THE TASK ▸ All lines from the one containing "90s POLO SPORT" through the final line of the listing below, and no others, must be returned exactly; no pictures belong in the copy.

RECORDED INFORMATION ▸

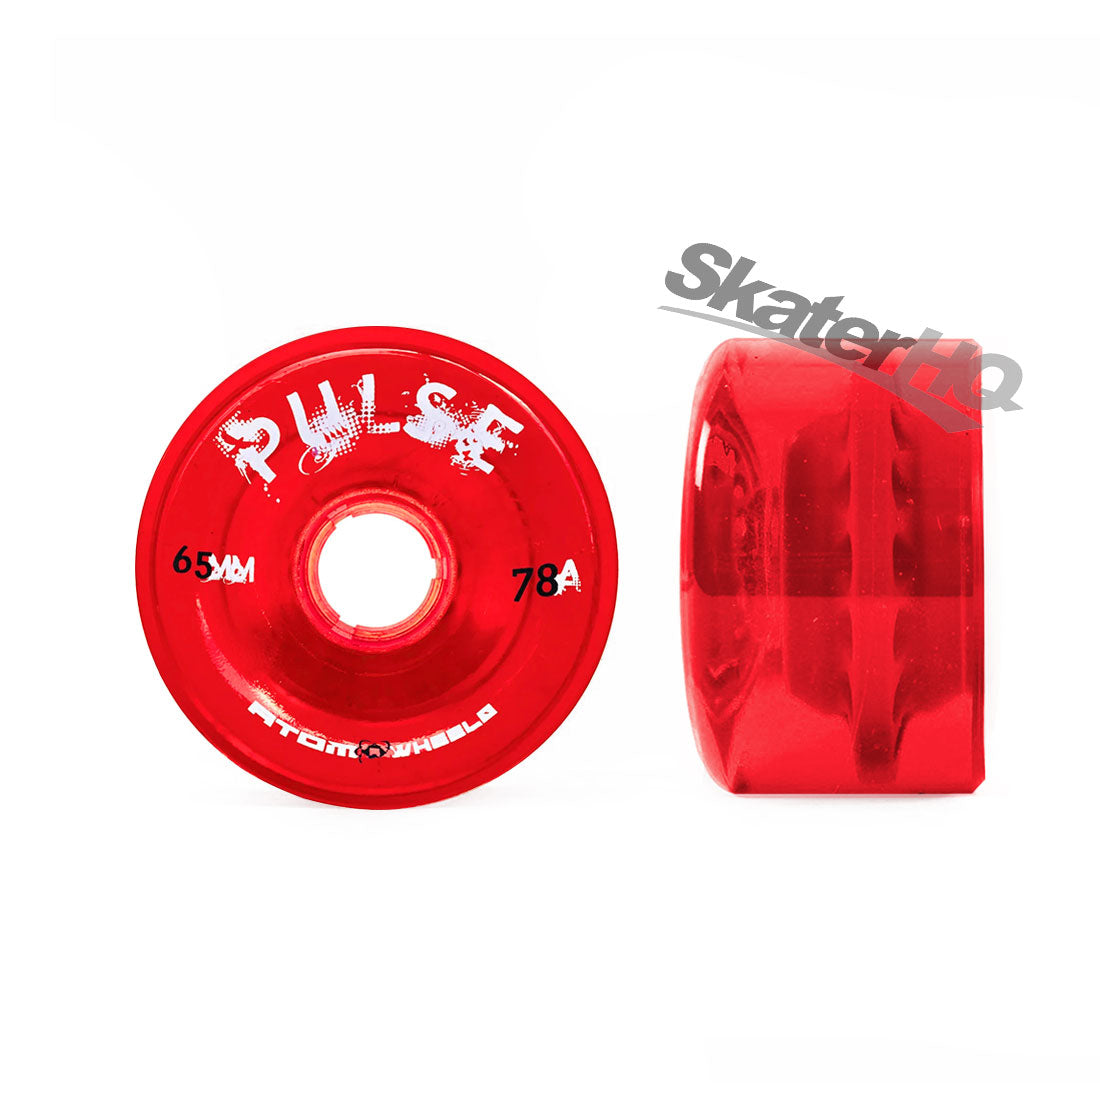 Atom Pulse 65x38mm 78a 4pk - Red Roller Skate Wheels
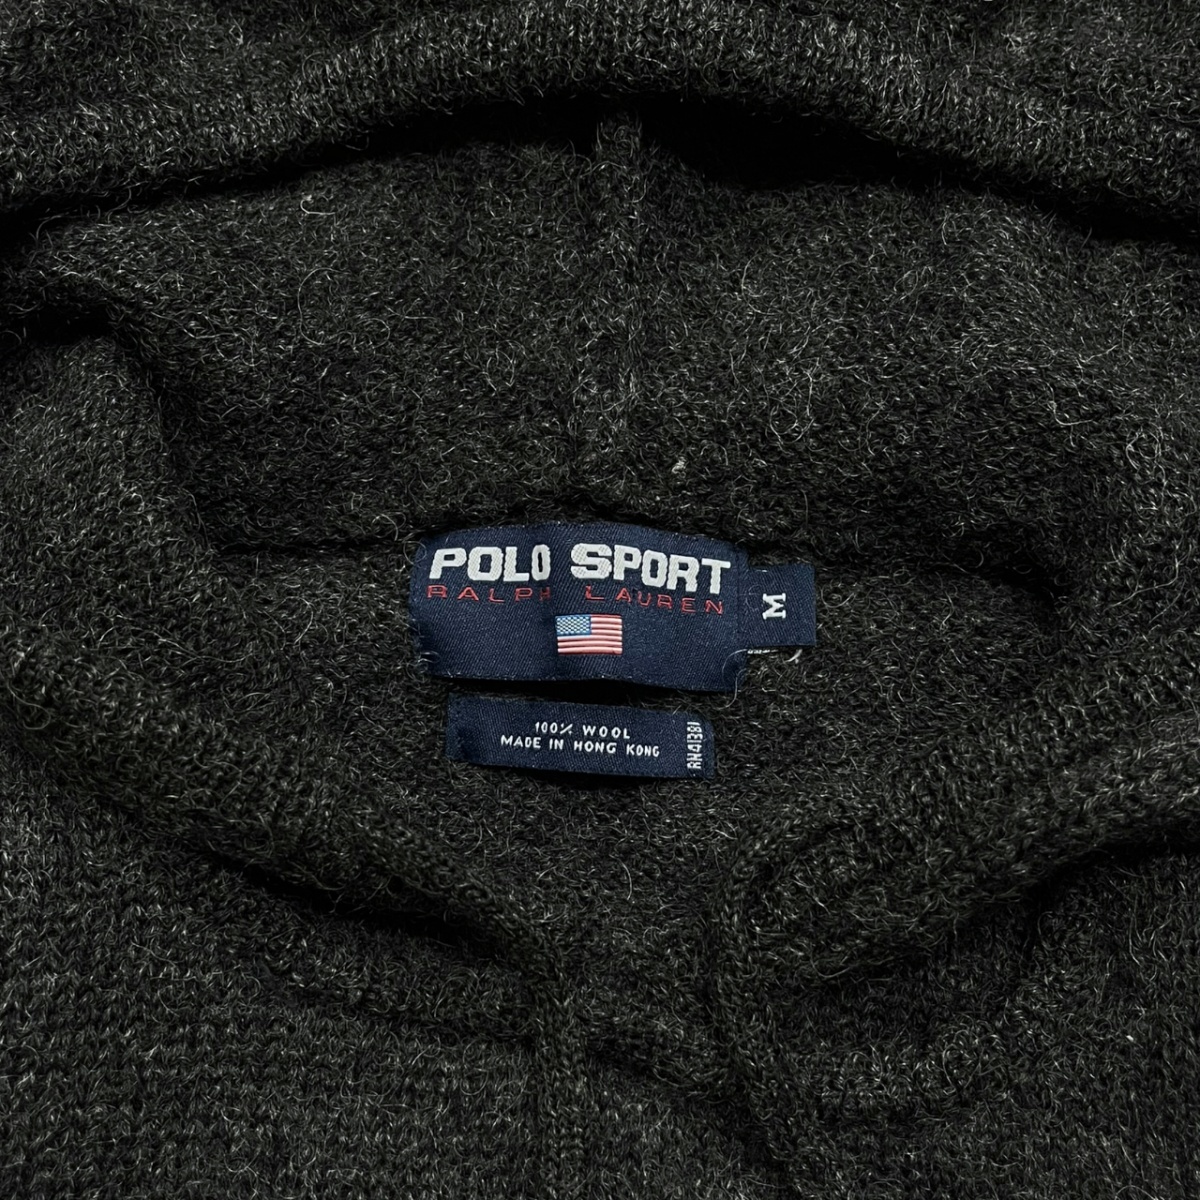 90s POLO SPORT Polo спорт RALPH LAUREN вышивка Logo шерсть вязаный тянуть over Parker f-ti-VINTAGE б/у одежда tops M серый 
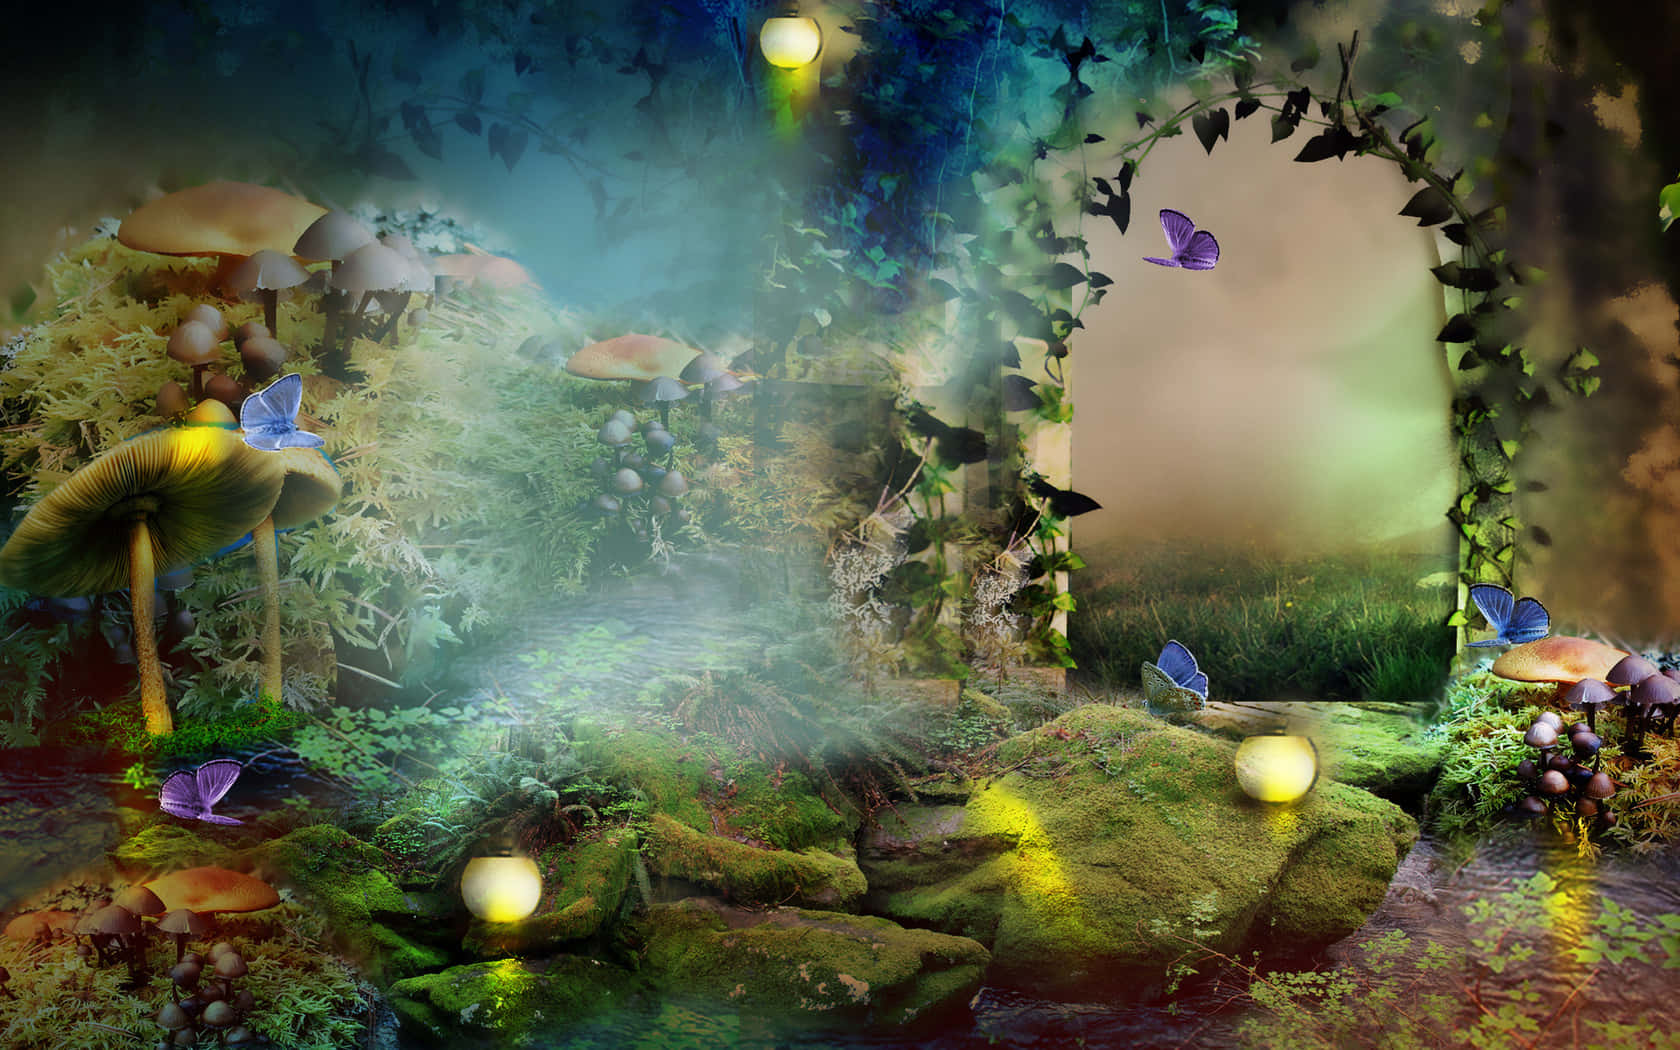 Enchanted Garden - A Magical Forest Oasis Wallpaper
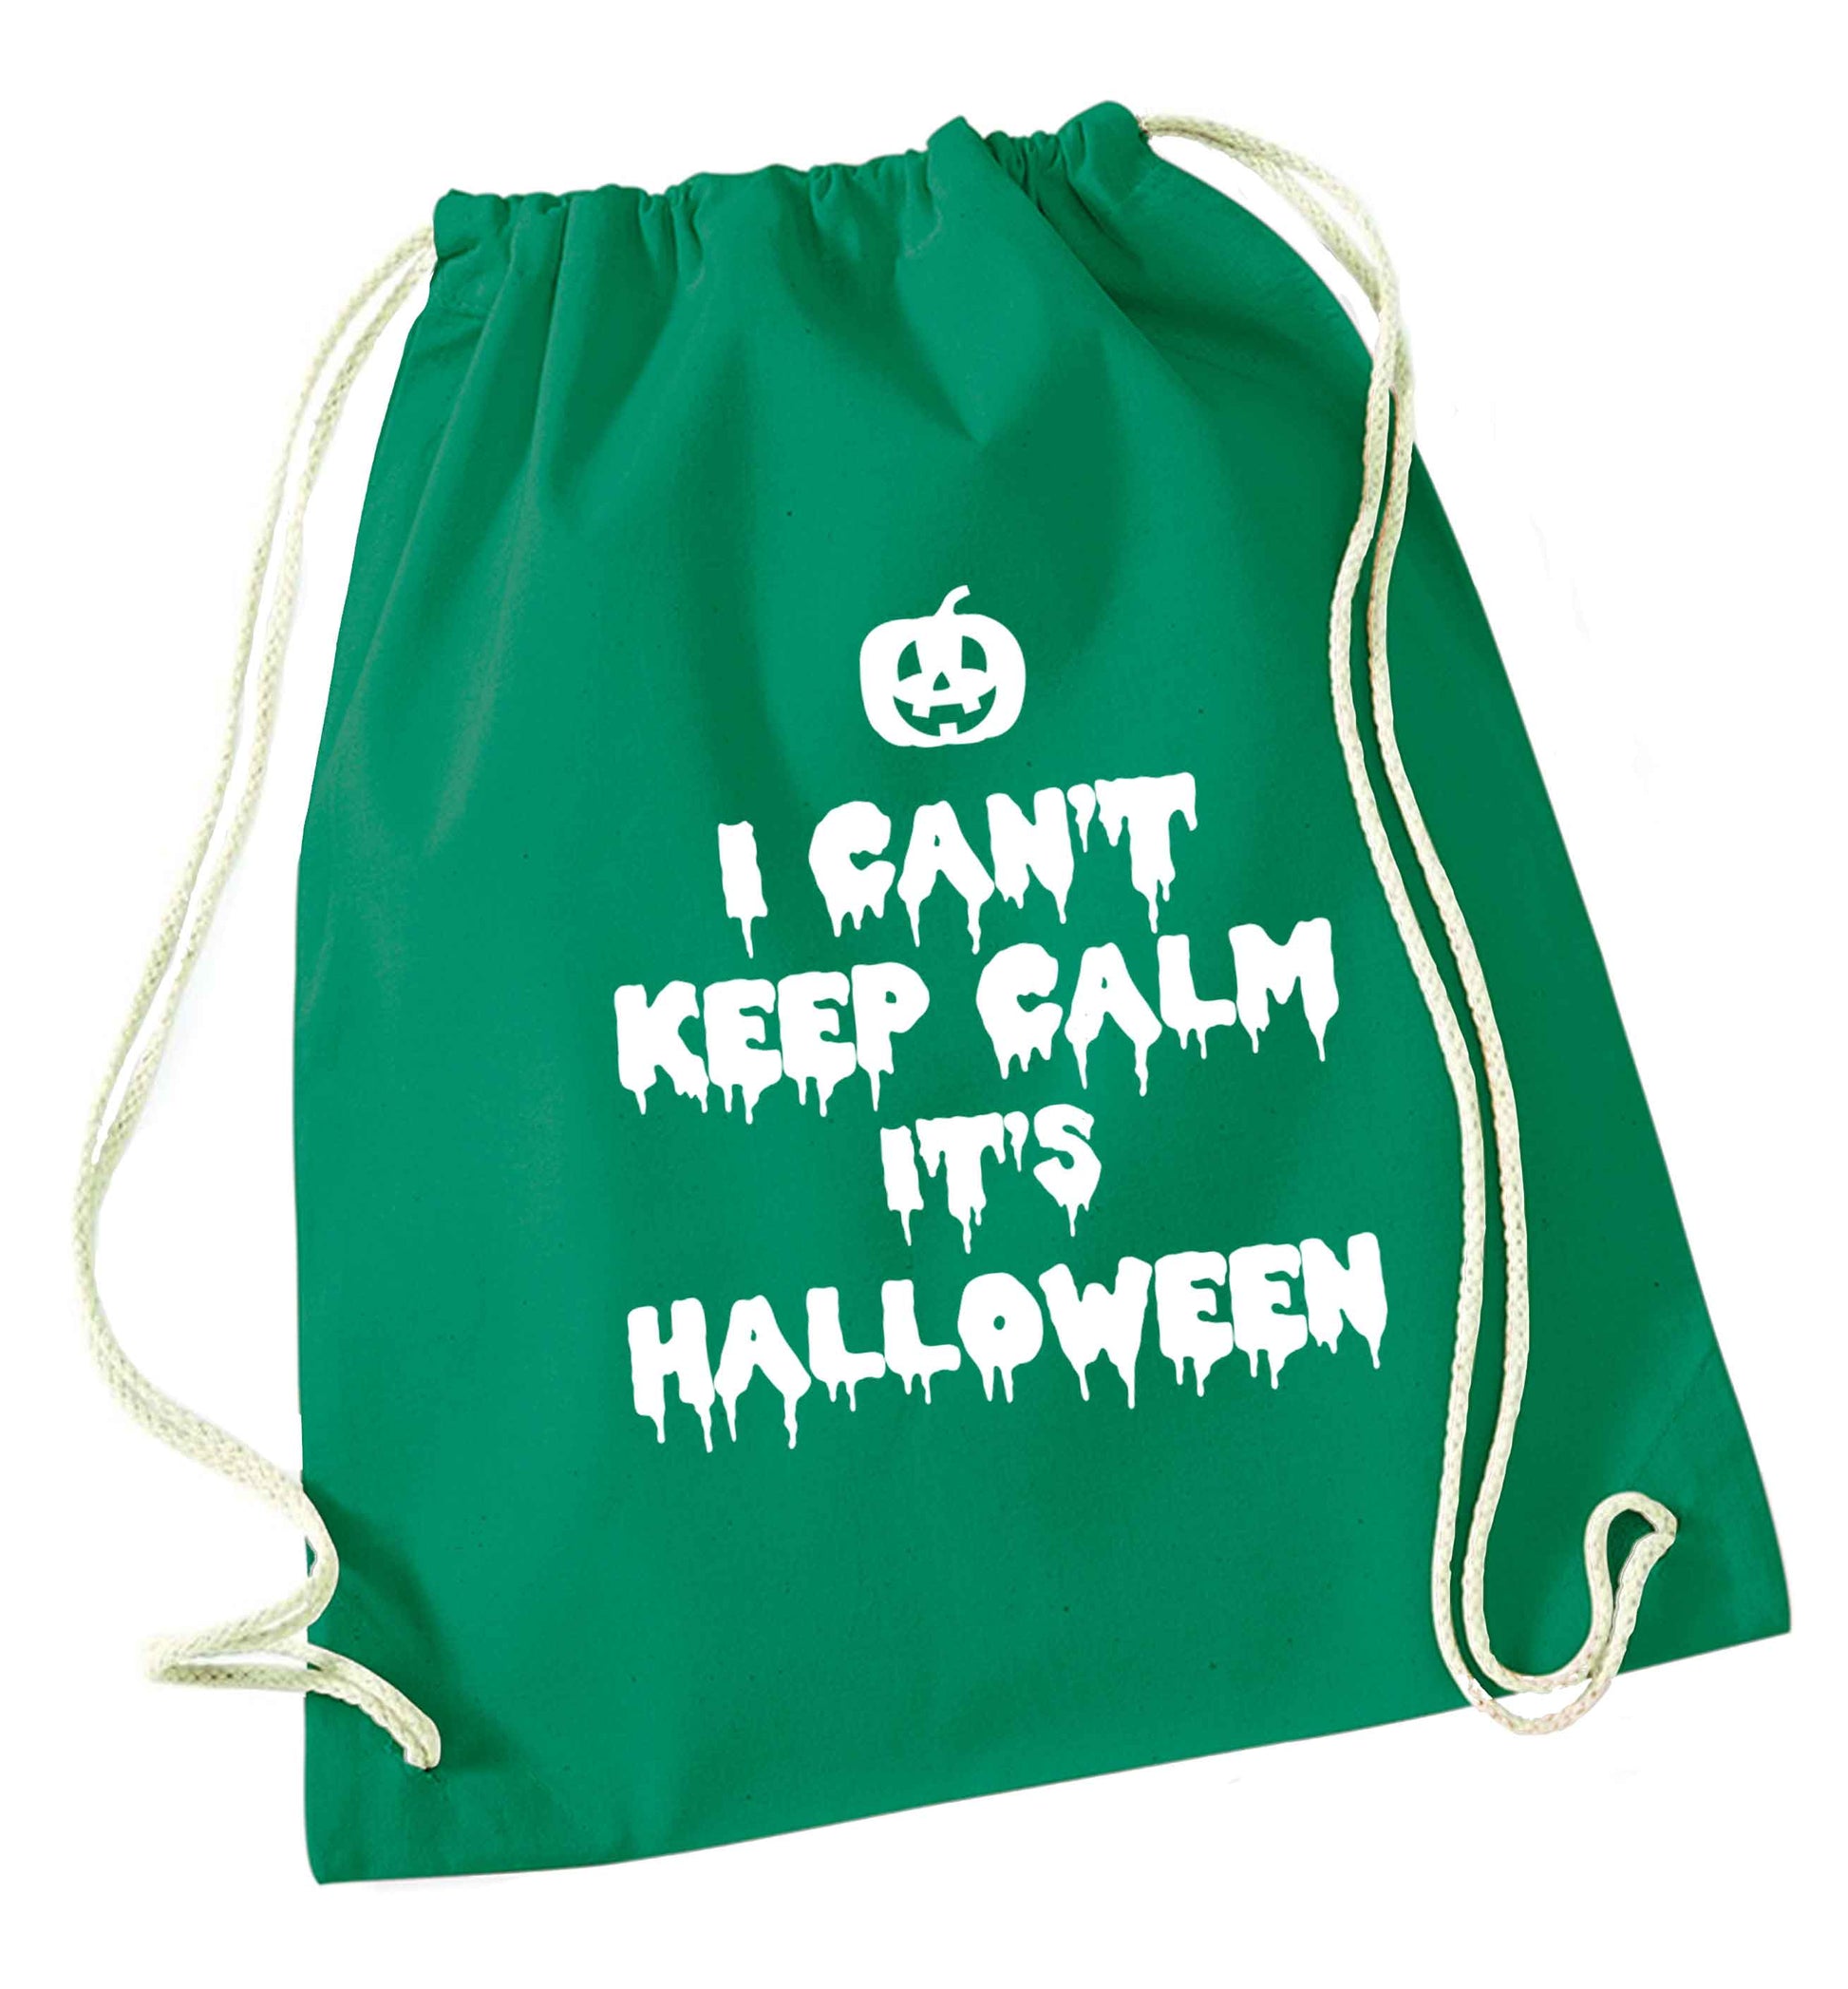 I can't keep calm it's halloween green drawstring bag

RESPONSE BOX ▸
 90s POLO SPORT Polo спорт RALPH LAUREN вышивка Logo шерсть вязаный тянуть over Parker f-ti-VINTAGE б/у одежда tops M серый 
 Enchanted Garden - A Magical Forest Oasis Wallpaper
 I can't keep calm it's halloween green drawstring bag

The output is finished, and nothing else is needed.